The data START
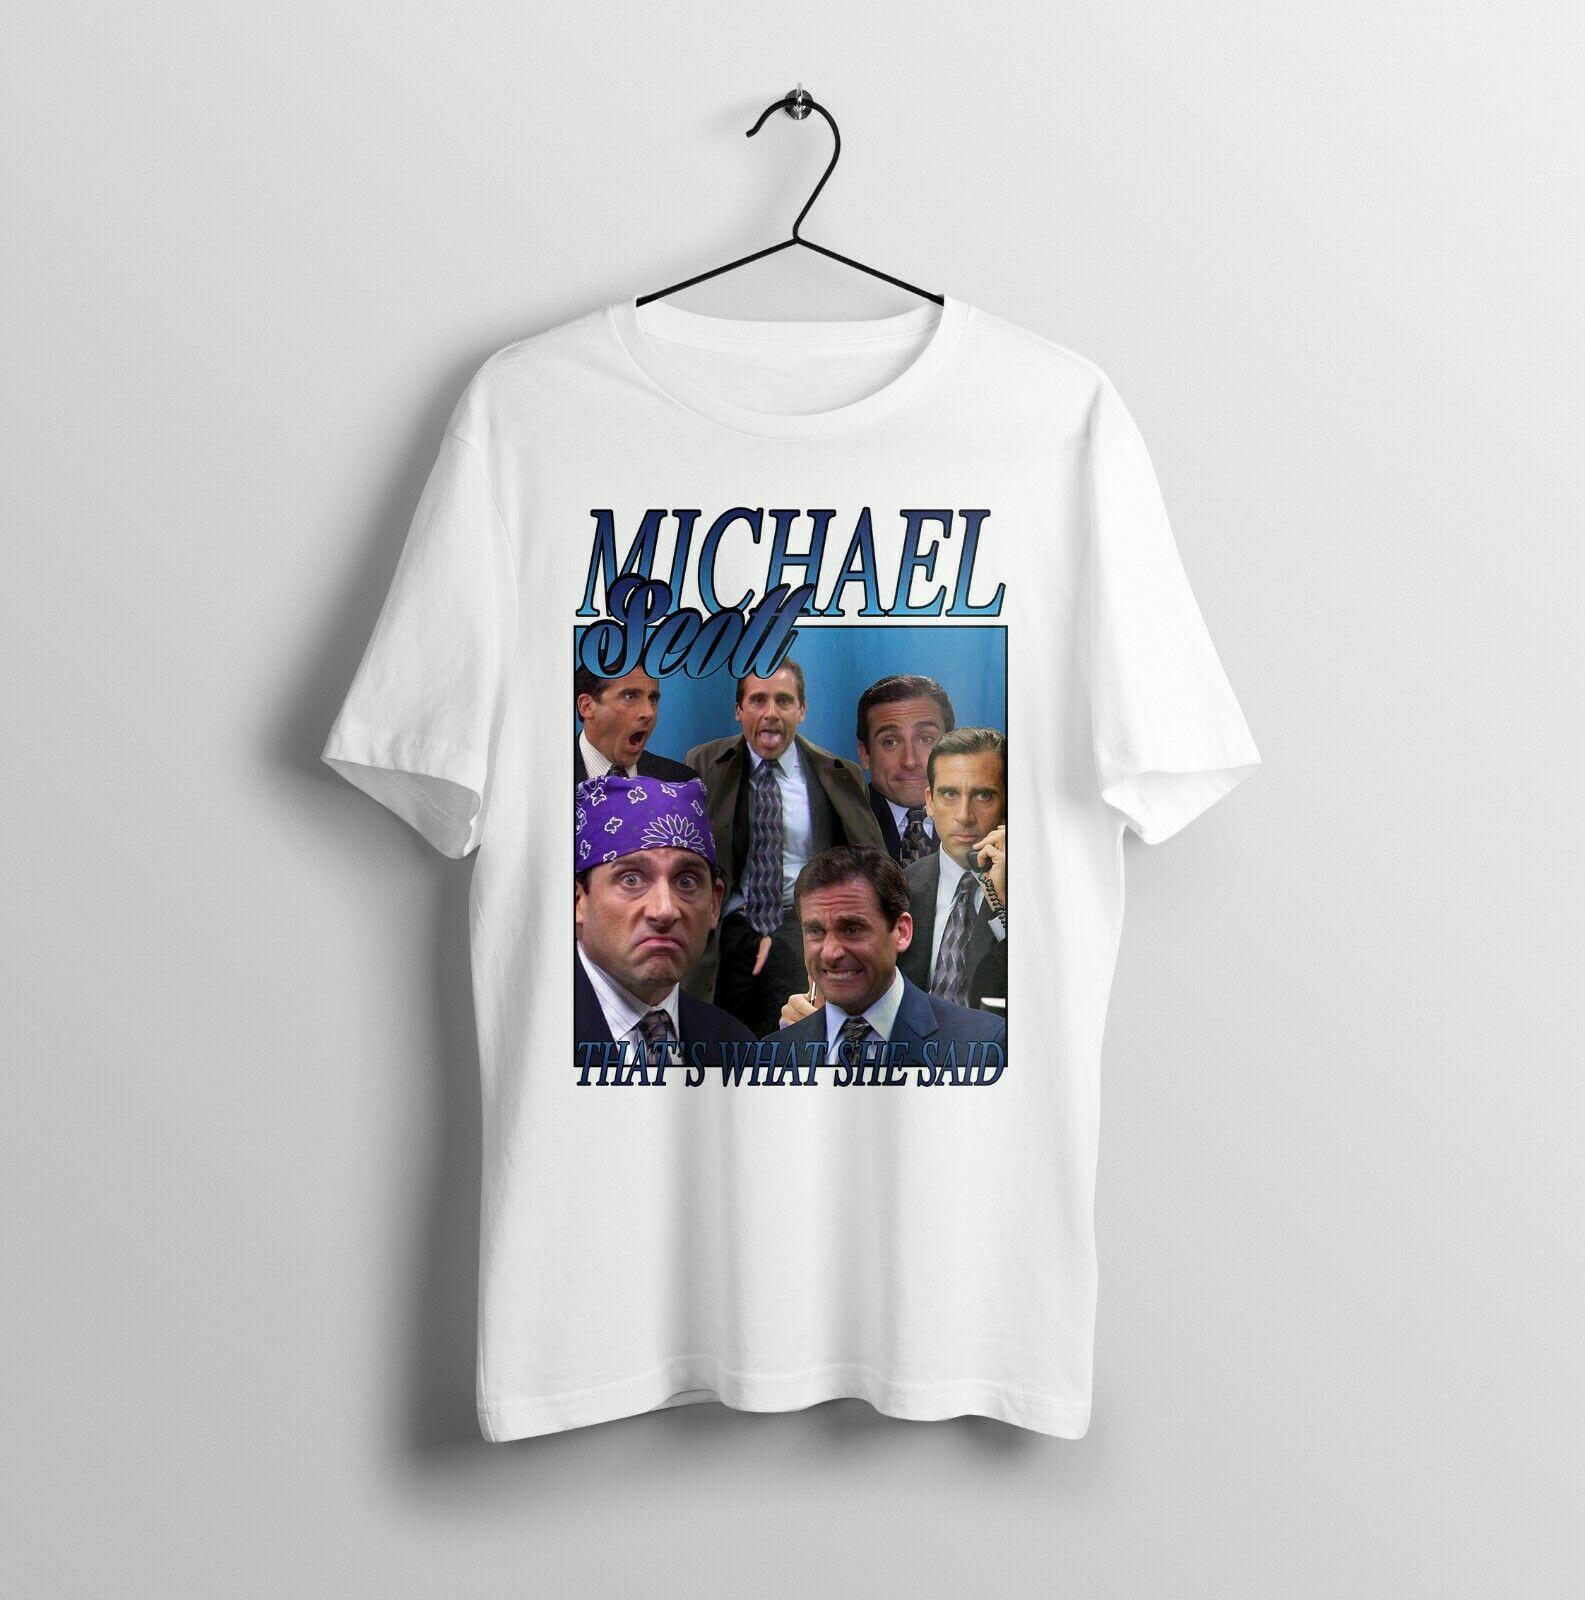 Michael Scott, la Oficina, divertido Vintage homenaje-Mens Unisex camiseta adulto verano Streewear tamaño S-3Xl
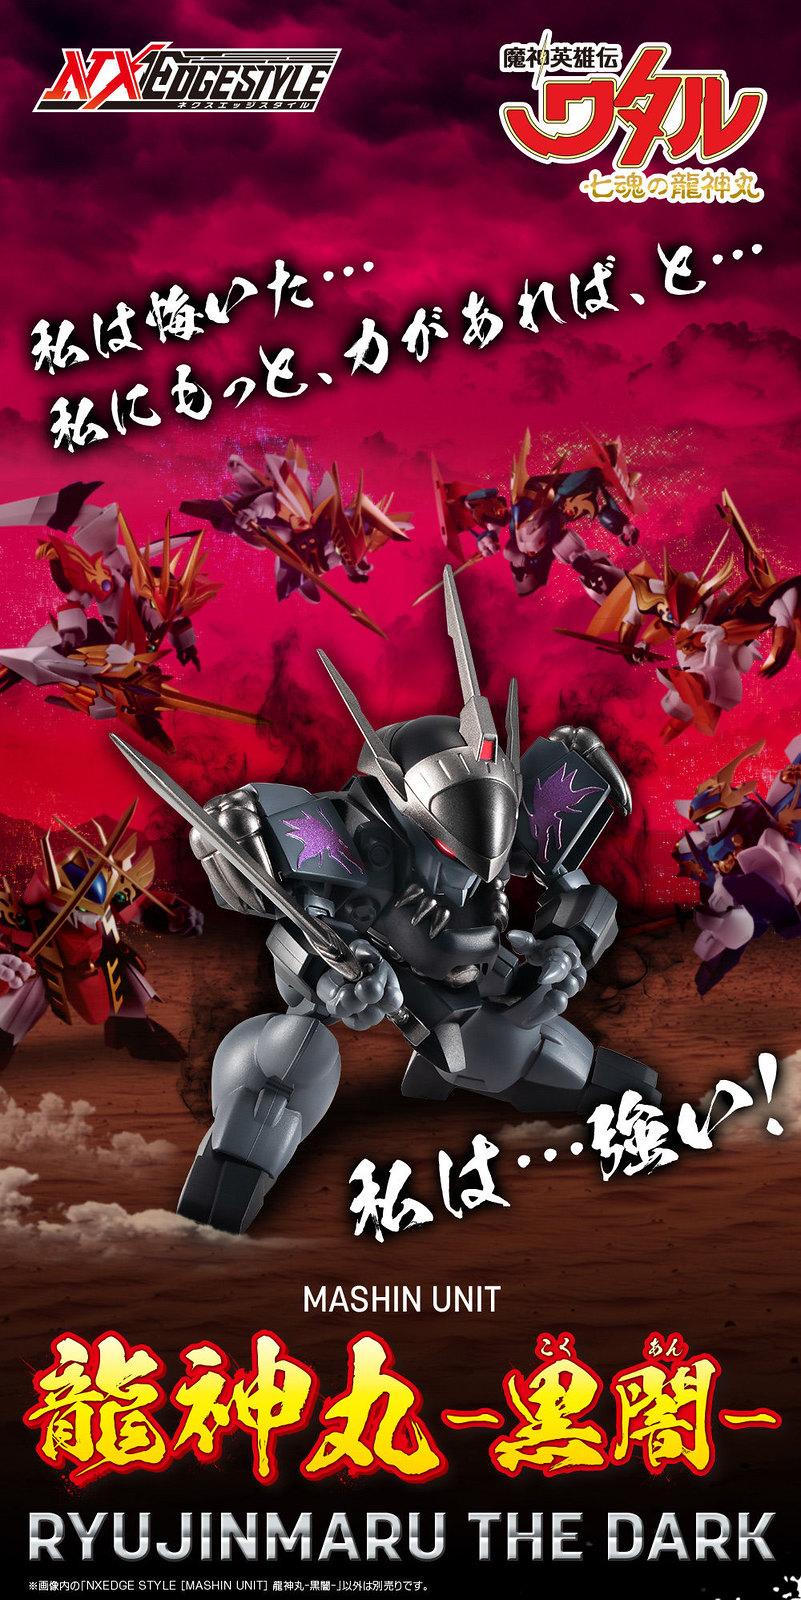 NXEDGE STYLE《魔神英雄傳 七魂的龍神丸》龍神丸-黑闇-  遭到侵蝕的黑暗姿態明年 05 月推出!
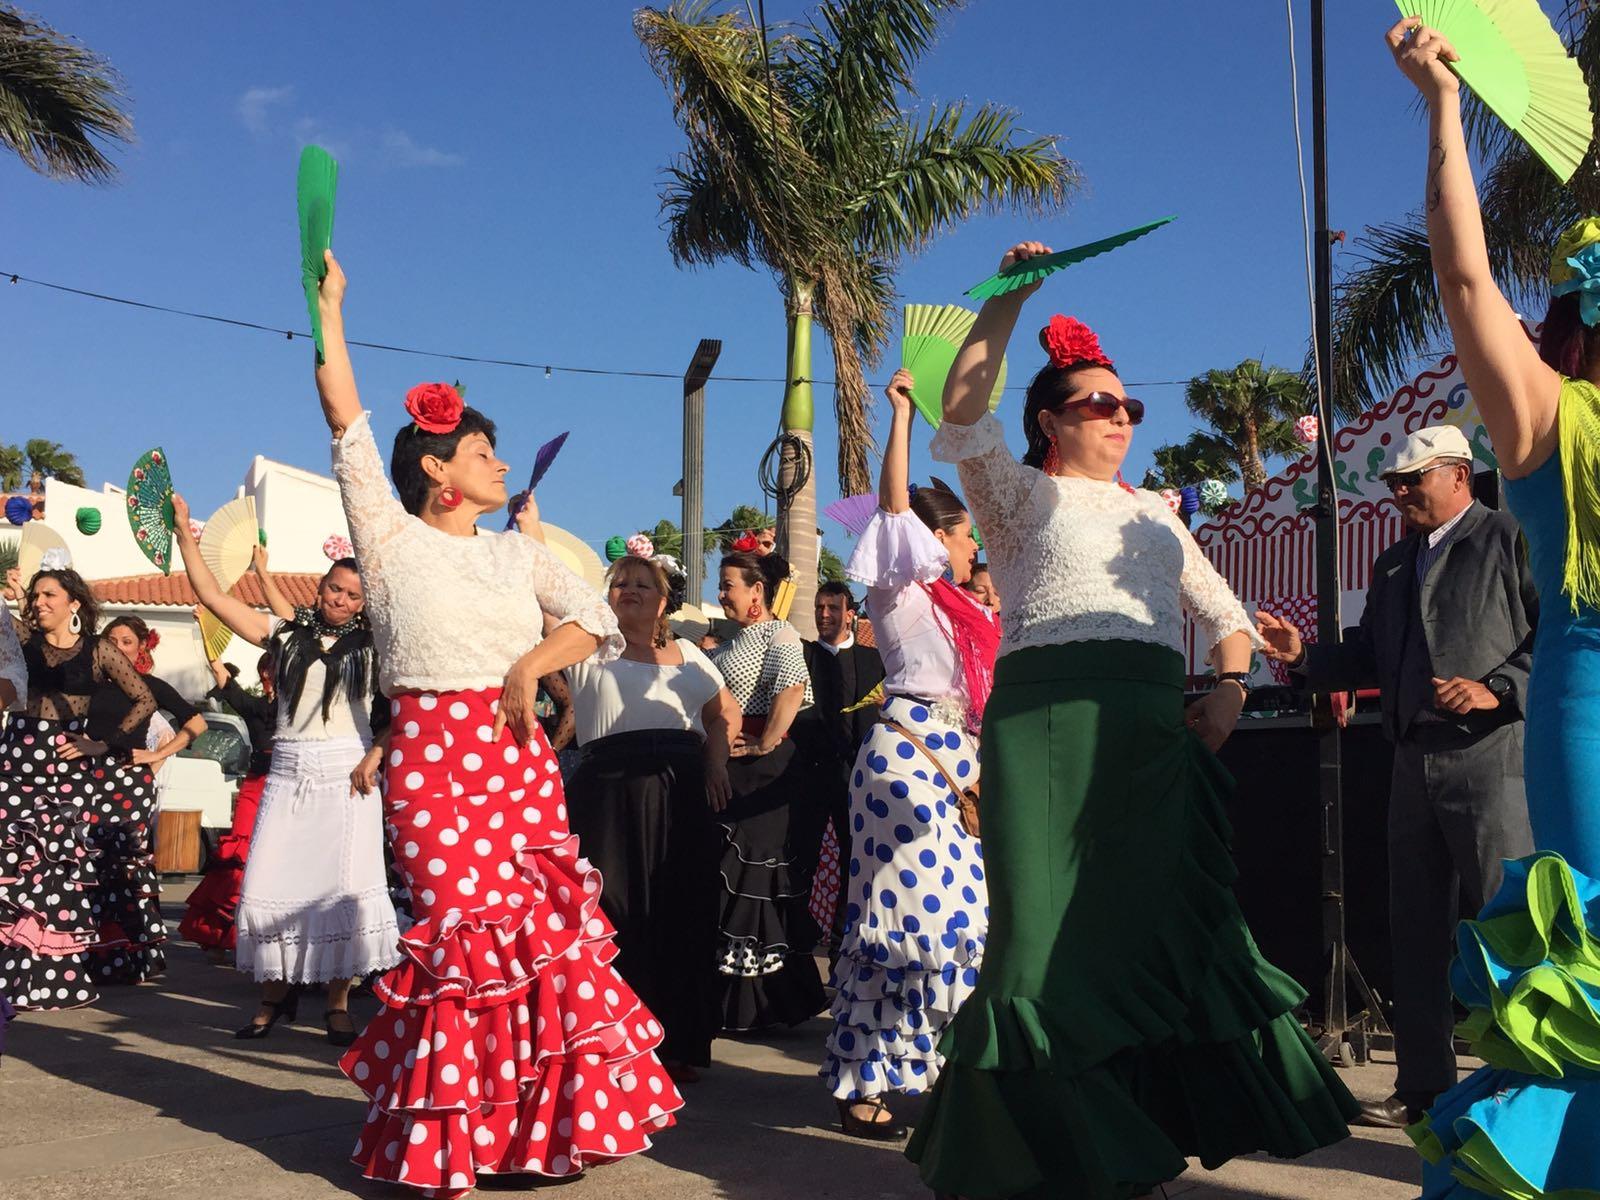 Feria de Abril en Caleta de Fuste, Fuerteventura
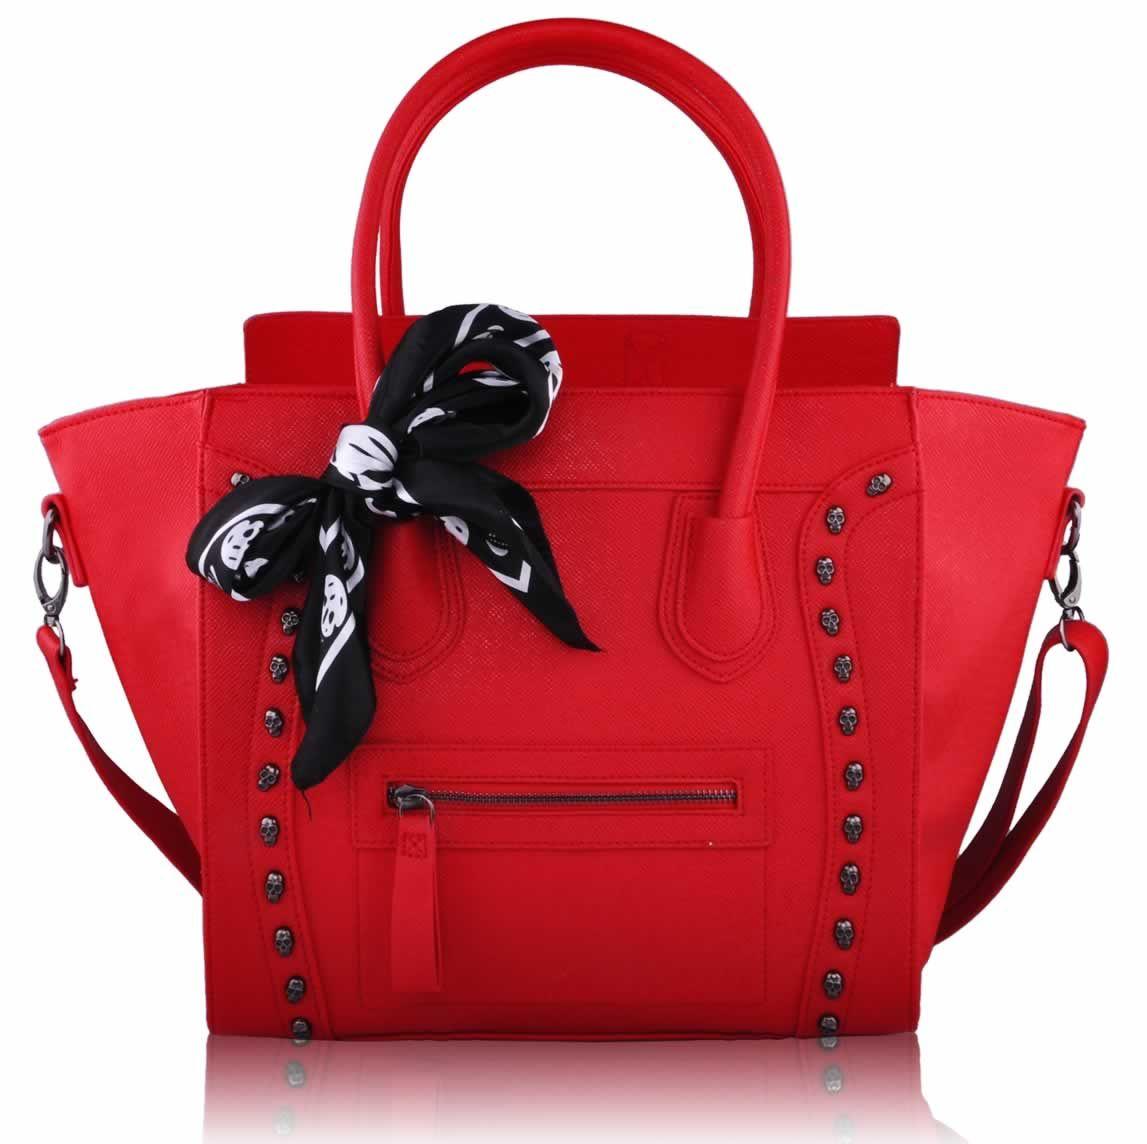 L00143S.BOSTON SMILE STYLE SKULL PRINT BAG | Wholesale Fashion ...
The data END
Repeat the listing word for word, omitting the pictures.

 Michael Scott, la Oficina, divertido Vintage homenaje-Mens Unisex camiseta adulto verano Streewear tamaño S-3Xl
 NXEDGE STYLE《魔神英雄傳 七魂的龍神丸》龍神丸-黑闇-  遭到侵蝕的黑暗姿態明年 05 月推出!
 Feria de Abril en Caleta de Fuste, Fuerteventura
 L00143S.BOSTON SMILE STYLE SKULL PRINT BAG | Wholesale Fashion ...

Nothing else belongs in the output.